I told myself this was all temporary. Lydia told me about a city where it had been raining for weeks.

“It’s all part of the end,” she said as we lazed in the grass, entwining our fingers together.

April 1, 2020 NaPoWriMo?

It’s been over 25 years since I last wrote a poem, and that might be for the best. But I like the idea of producing 30 single sitting pieces (Poems with Legs as my friend Gillian Devereux is calling them). Here is the today’s.

April 1st: The Rains

The first day of the rains, we cancelled our brunch plans. We brewed coffee at home and returned to bed. Talked about when we used to get Sunday papers and read tweets out loud. We were warm and dry, just as we’d been for most of our lives, and expected we’d continue to be. We made pasta pomodoro for dinner, and we had no regrets, we’d see our friends next weekend.

It wasn’t strange that it kept raining. Who wants a sunny Monday anyway? We talked about it on the subway, drawn together by shared adversity. Buckets, cats and dogs, men, hallelujah. We ordered in lunch at work, and tipped well, outsourcing our discomfort. We had one drink at the bar. The rain might stop. What if the difference between wet and dry was just one drink?

By Wednesday, some streets were flooded. Those of us who could, stayed home. The rest worked half days until the governor announced that people should stay home. People exited in an orderly fashion, but still one person drowned on Central Ave.

Then it was just Maggie and me. We played board games, we sang duets, we made a fort, dividing our small space into ever smaller spaces. We both cooked our specialties, hers learned from her mom, mine from a stint as a short order cook. We learned the dances from Grease, and Dirty Dancing. We read the pile of New Yorkers. We circled events in the Goings on About Town section that we’d go to if we lived in New York, if they hadn’t happened over a year ago, if there were still events.

At first, we’d look out the windows at the grey and the rain. Sometimes, we’d see people outside, wearing the traditional yellow raincoat. We’d wonder where they got the rubber hip boots that allowed them to brave the flooding streets. Did they just order them, or were they prepared, always waiting for this moment? Then the water became too deep. We didn’t see anyone for days. Then a single kayak. We turned ours gazes inside.

“There’s nobody I’d rather be marooned with than you,” I said.

“Not Brooke Shields? Not Tom Hanks? Not Ginger and/or Mary-Anne?”

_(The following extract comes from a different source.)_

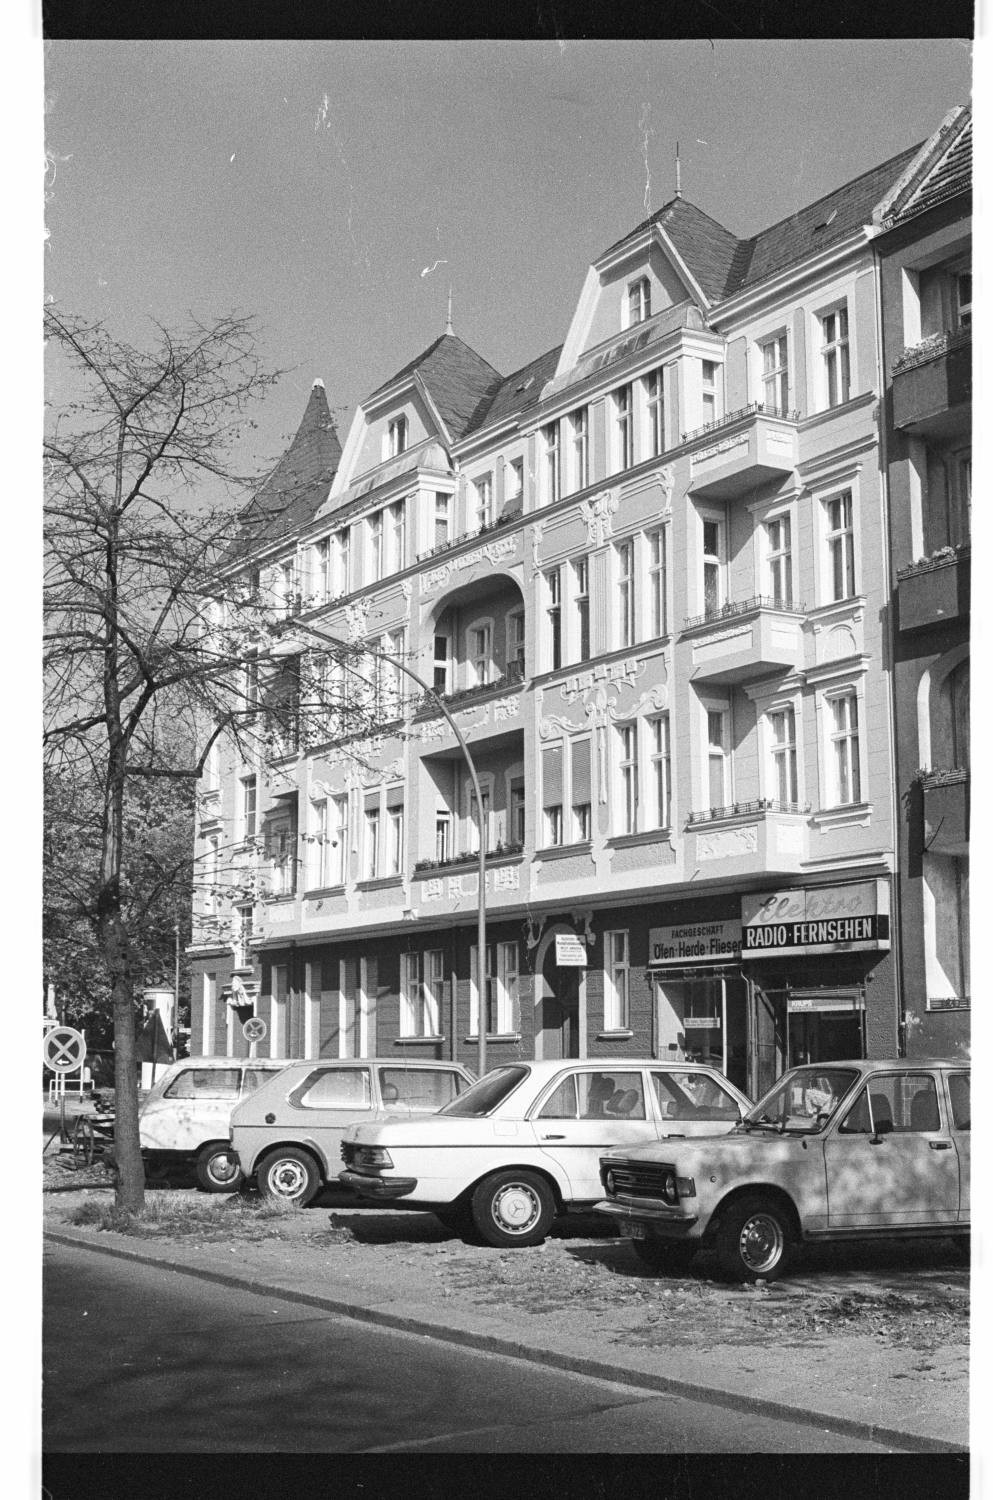 Kleinbildnegative: Mietshaus, Thorwaldsenstraße Ecke Peter-Vischer-Straße, 1979 (Museen Tempelhof-Schöneberg/Jürgen Henschel RR-F)

“Not all the tea in China.”

“Not all the other fish in the sea?”

“You’re the only fish for me.”

She knit. I played video games. We slept together, but slowly grew out of sync. She fell asleep early while I read. Then I’d nap in the early afternoon. Sometimes, I’d awake and she’d be taking a bath. I’d knock, and she’d say wait a minute, but it was never a minute. The apartment always felt damp to me. There was a leak in the kitchen. Condensation formed on all the windows. My showers kept getting shorter, there was enough water in my life. But Maggie would soak in the cooling water.

I washed the dishes. I swept the floor. I fixed the wobbly leg on the coffee table. She soaked. I sang songs sitting with my back at the door. She soaked. I washed the towels. Kept them in the dryer so they’d be so warm and fluffy when she emerged. I fell asleep.

I awoke to an empty bathroom. An open window. The rain had stopped, but it was too late. There was only the sea.